Shall We Talk About Death?
OUT OF THE BOX

Shall We Talk About Death?

Jul 17, 2024, 7:15 AM
Marjorie A. Maido

Marjorie A. Maido

Columnist

Last week, I had the privilege of meeting and befriending an affluent septuagenarian, who is atypical of many Filipinos as he openly discussed death with me. It's probably because he cheated death a few years ago when he survived an ambush. Our conversation led me to ponder why death remains a taboo topic among Filipinos.


In Filipino culture, discussion about death is often avoided, as people fear that talking about it may hasten it. We celebrate life with zest, but we dread talking about the inevitable. However, this man’s candor about death is not at all morbid but rather liberating. I lost my father a year ago, I grieved in silence, and it took me a while to accept that loss. I think I needed this conversation. 

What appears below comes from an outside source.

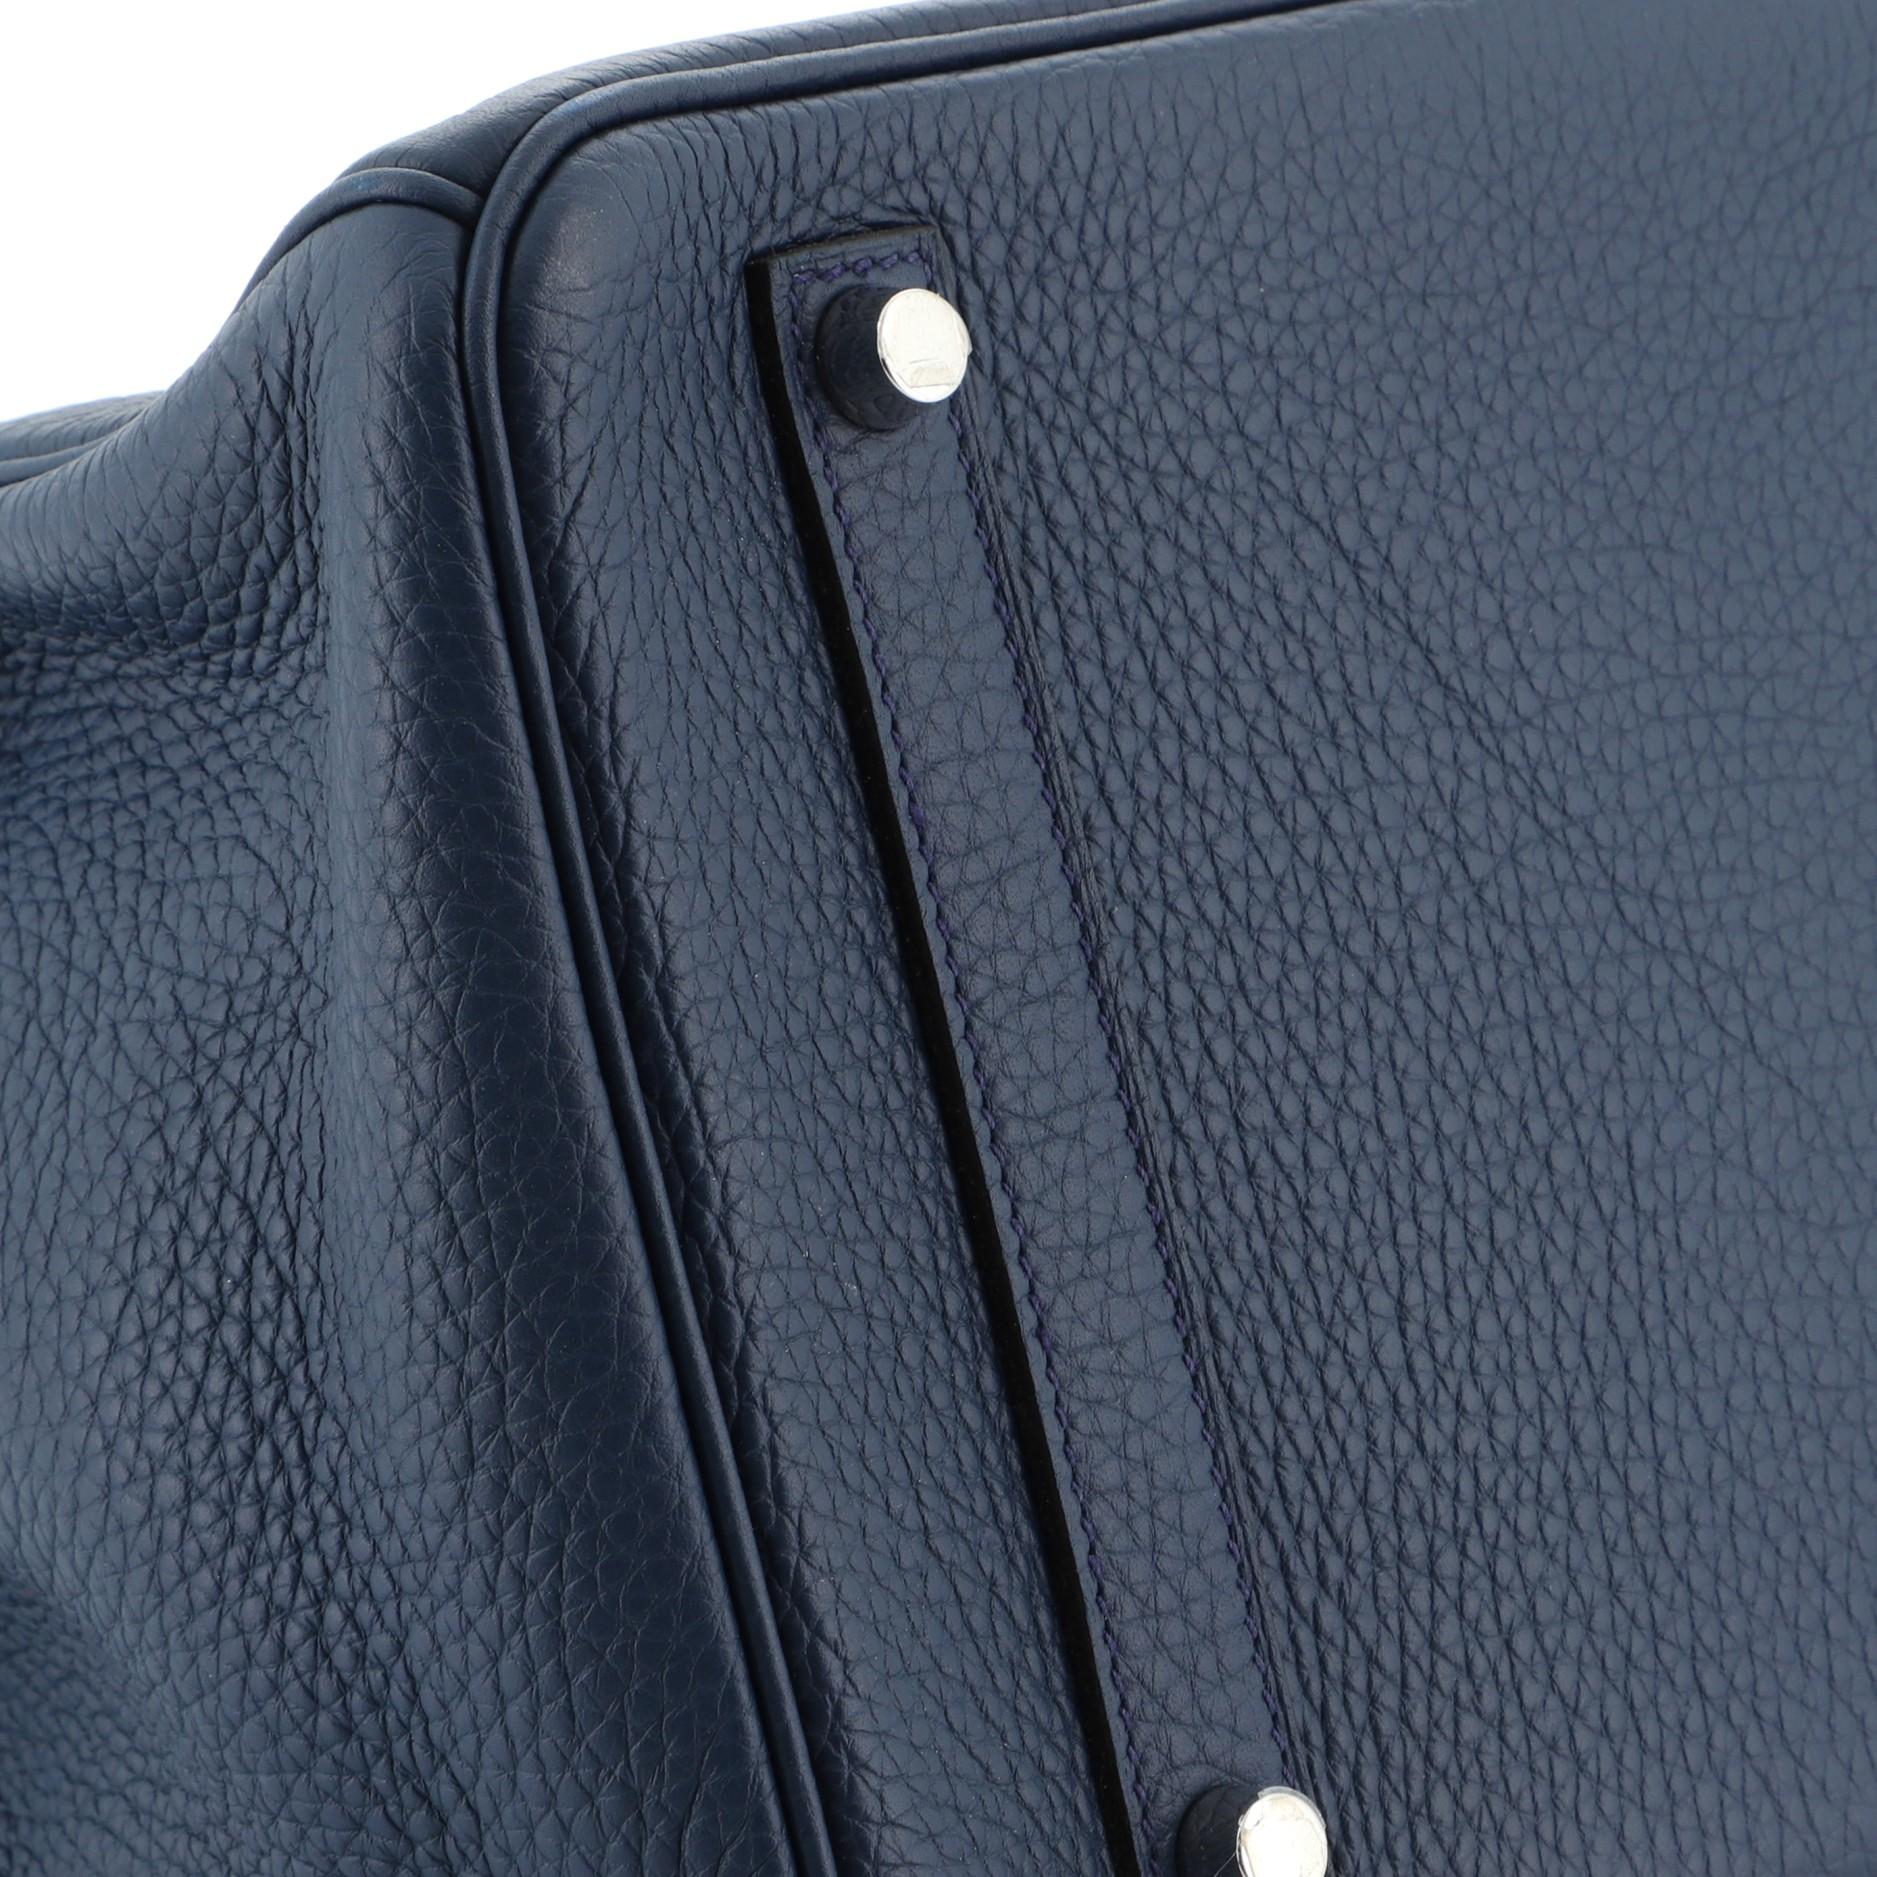 Women's or Men's Hermes Birkin Handbag Bleu de Malte Clemence with Palladium Hardware 35

Avoiding the discussion of death, according to a sociological perspective, is a form of social control. It is a means through which families prevent distress and a way to maintain family harmony. Yet, not dealing with the topic may eventually lead to unpreparedness and distress. I don’t know if it is easier to talk about death when you have lived a comfortable life like this septuagenarian, or harder for someone who struggled most of his life. But maybe for this man, talking about it is his way of affirming that he has been living a good life. 


Opulence Of Death

While conversing, he invited me to see his mausoleum. He told me he had prepared for his death luxuriously. We drove over to a private memorial park where his one-of-a-kind crypt stands. 


Before our arrival, he had already given me some sneak peeks of the family's “resting place” through his phone pics. The place is just as astounding as it was documented on his phone. 

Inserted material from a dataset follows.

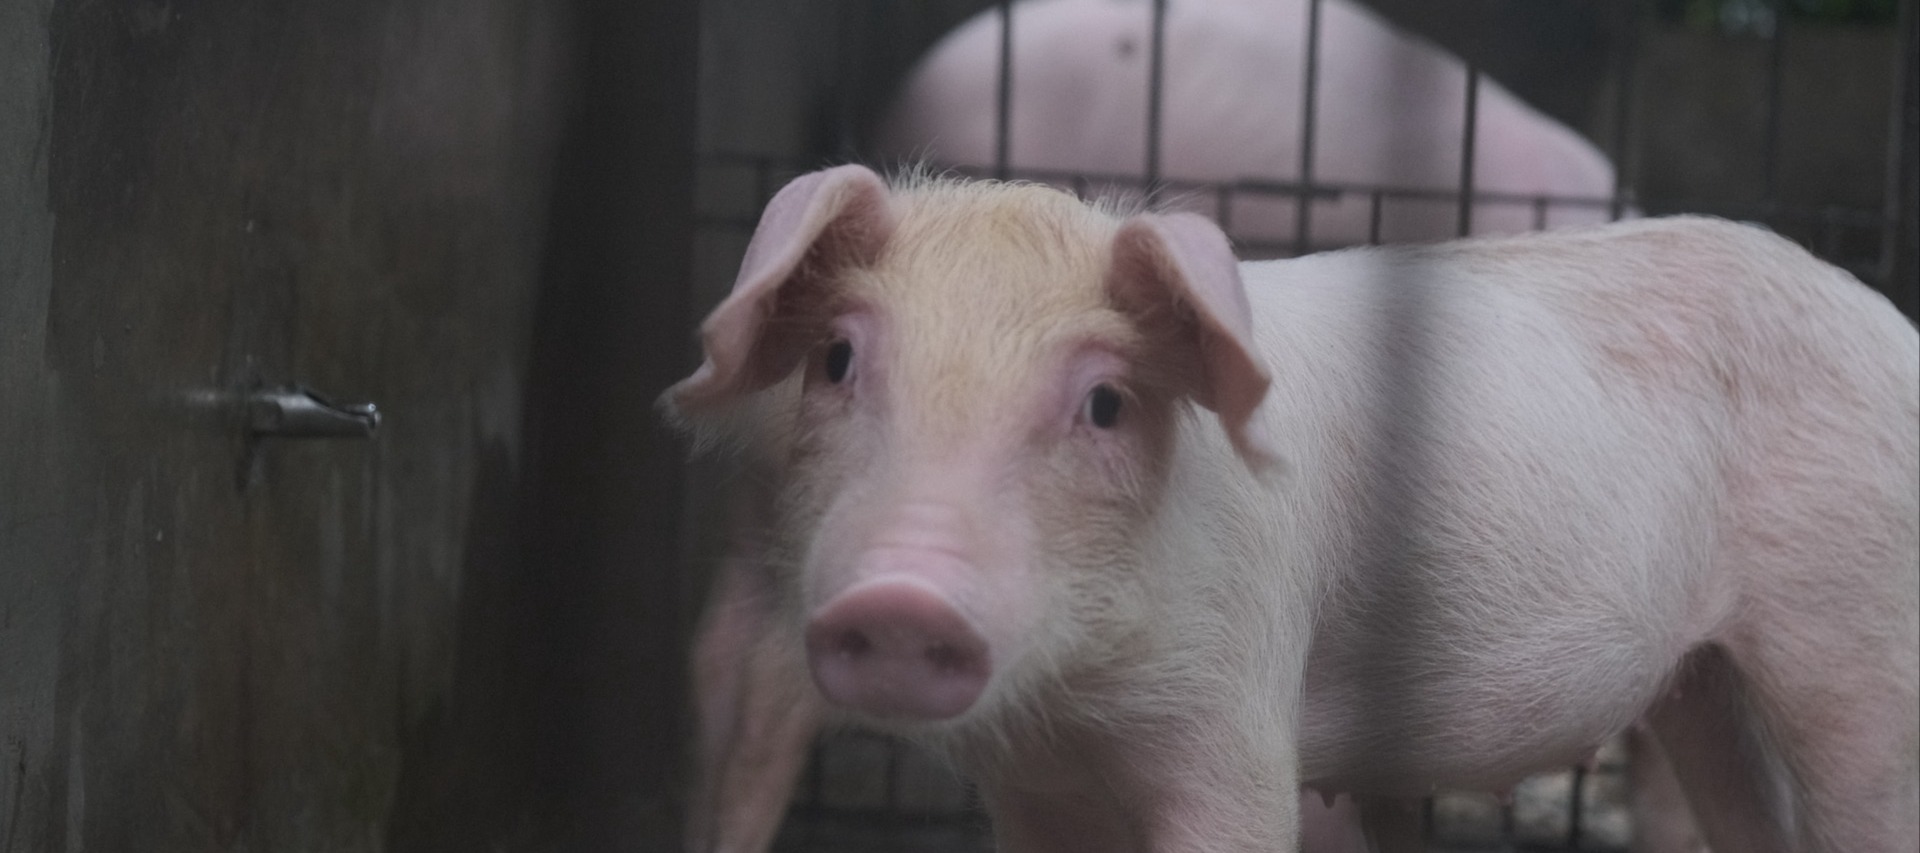 Фото новости: "Свиноводы предложили взять под контроль продажу живых свиней и мяса на маркетплейсах"

When I entered the Egyptian pyramid-inspired mausoleum, he jokingly offered to me one of his four chambers if I would like to “go” before him. I retorted back that I needed the whole place if I was to replace him since he would be cheating death for additional decades. He laughed at me and asked whether I was impressed with the place. 

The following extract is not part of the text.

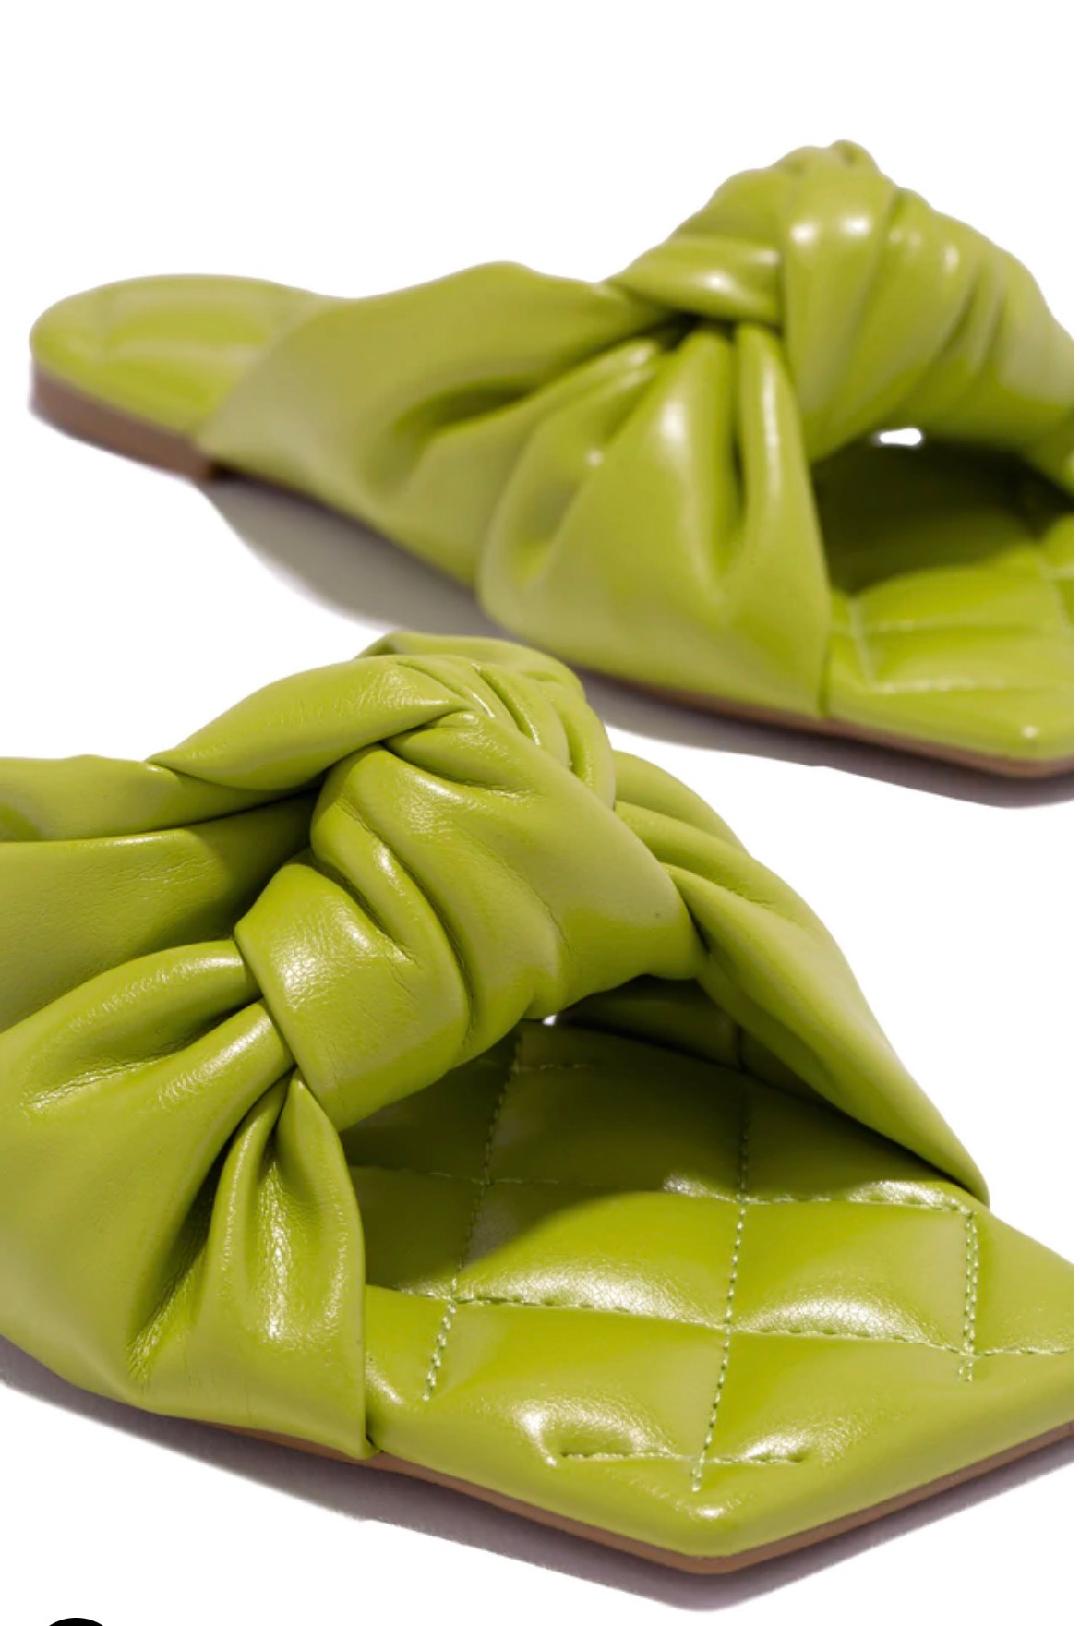 Blaire Sandals- Lime

With a full sneer, I told him how discriminating the world can be, as his crypt is more comfortable than most of the houses that I have seen, including mine. The meticulous artistry is all over the place. I was staring at the detailed hieroglyphics when I asked him a question whether he was motivated to die soon given the opulence of death he prepared for himself. He retorted back with laughter. 


Life Is A Symphony

Our discussion about death continued for a few days. The last we covered was our differing positions on knowing one’s specific “expiration date.” 


A businessman that he is, he wanted to know when is he going to die. 


And I ended up telling him that I would rather live not knowing when my heart would stop beating because “life is a symphony, best played not knowing the final note.”